Repeat the data as given. Images do not go in the copy.

*** Opening Data excerpt ***

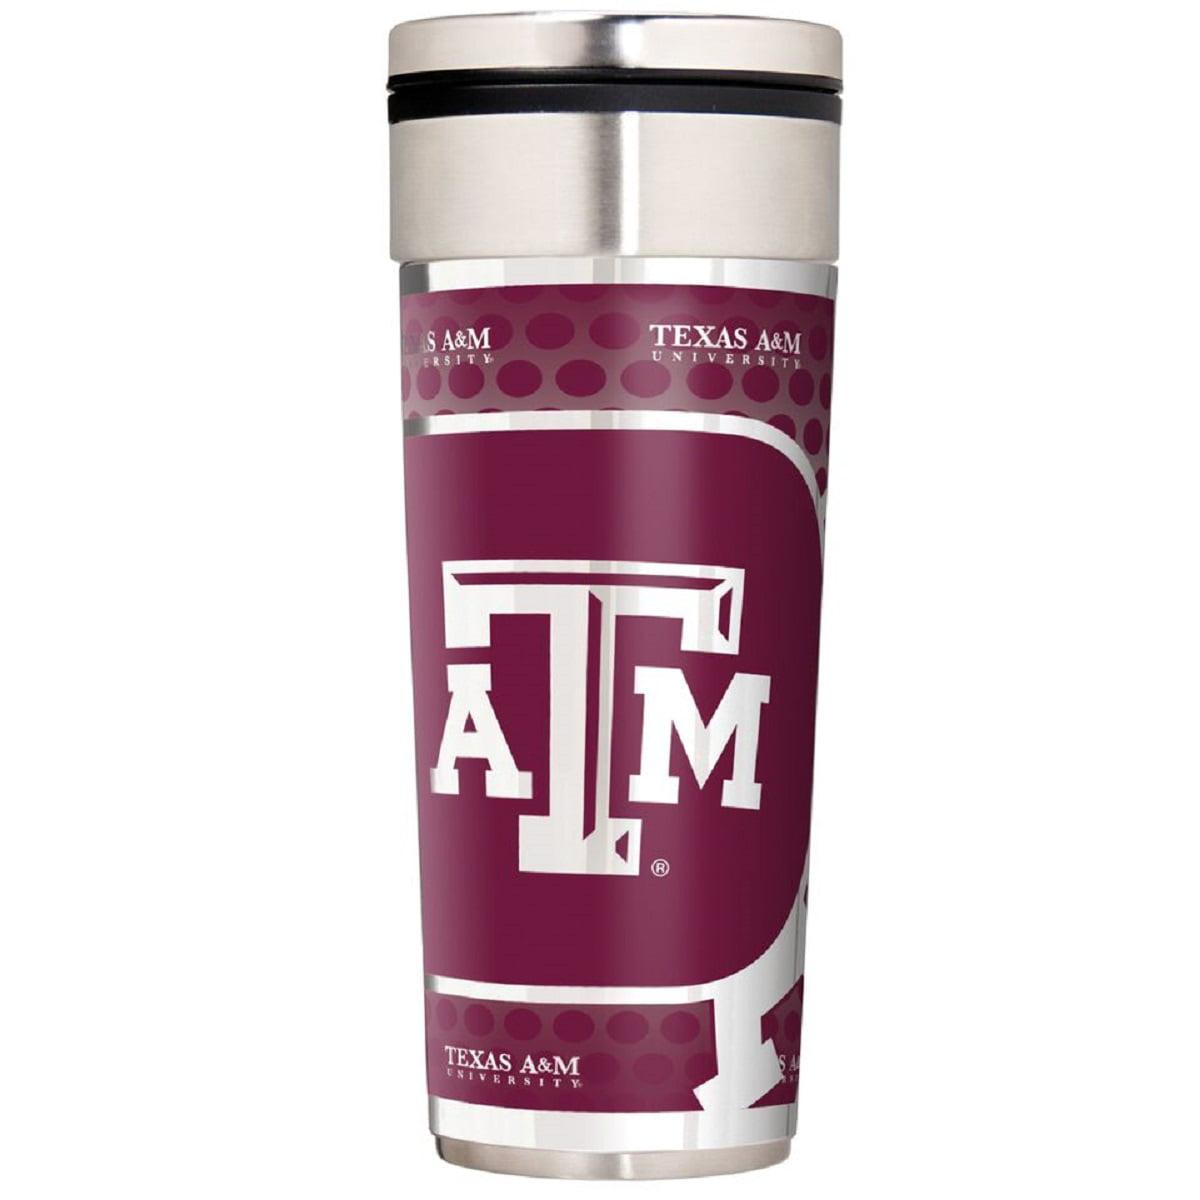 Texas A&M Aggies 22 oz. Stainless Steel Big Slim Travel Tumbler
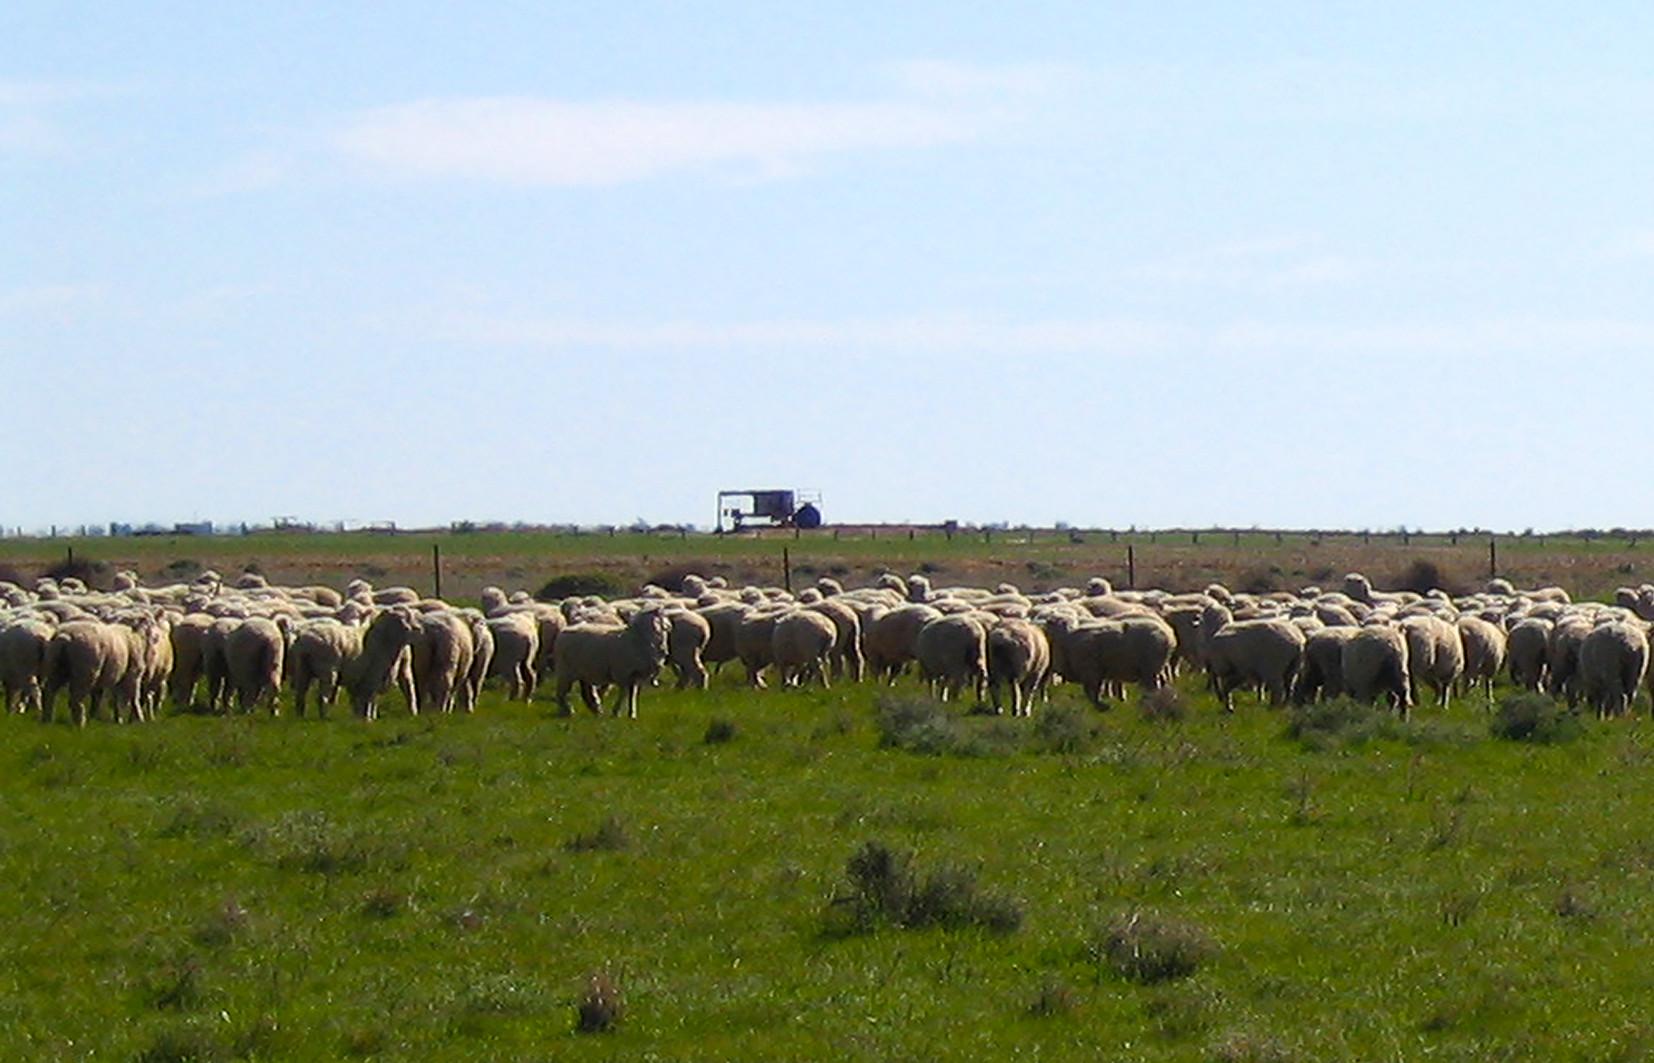 Sheep 2_Slider 6.jpg
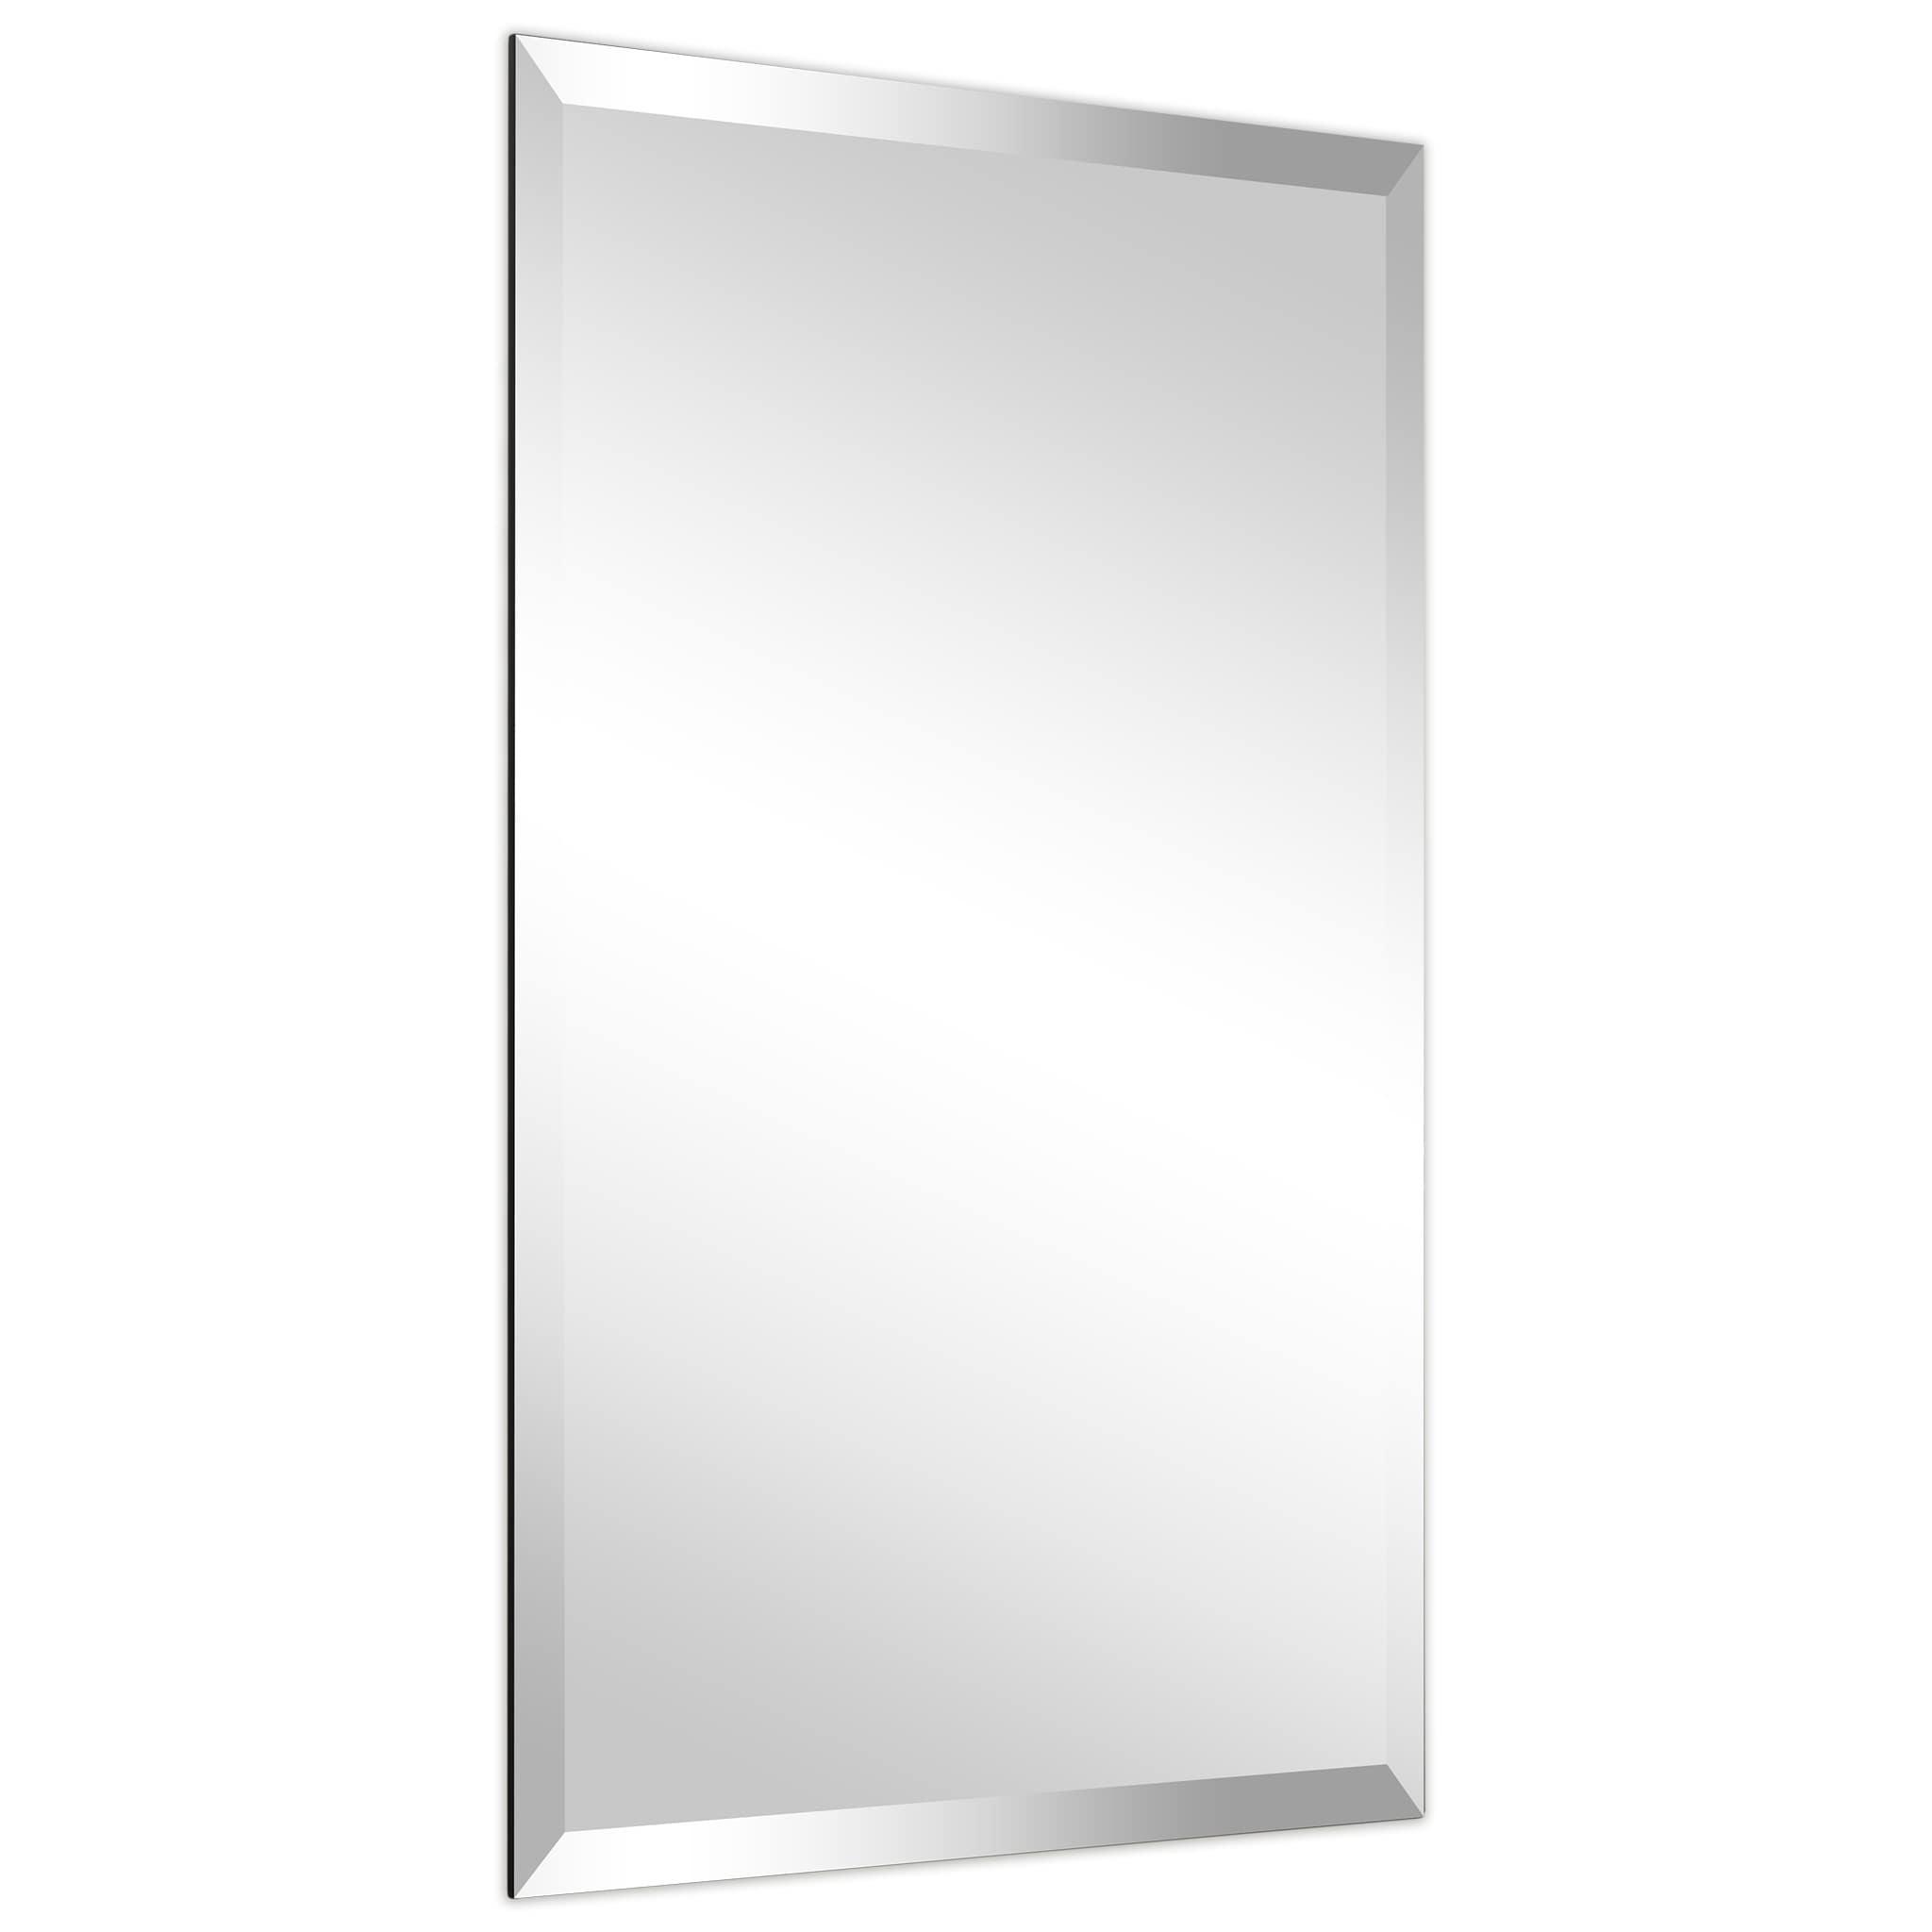 Shop Frameless Beveled Prism Wall Mirror Bathroom Vanity Bedroom Mirror 1 Beveled Edge Clear On Sale Overstock 24220389

*** Closing Data excerpt ***

- **Answer box**
 Texas A&M Aggies 22 oz. Stainless Steel Big Slim Travel Tumbler
 Sheep 2_Slider 6.jpg
 Shop Frameless Beveled Prism Wall Mirror Bathroom Vanity Bedroom Mirror 1 Beveled Edge Clear On Sale Overstock 24220389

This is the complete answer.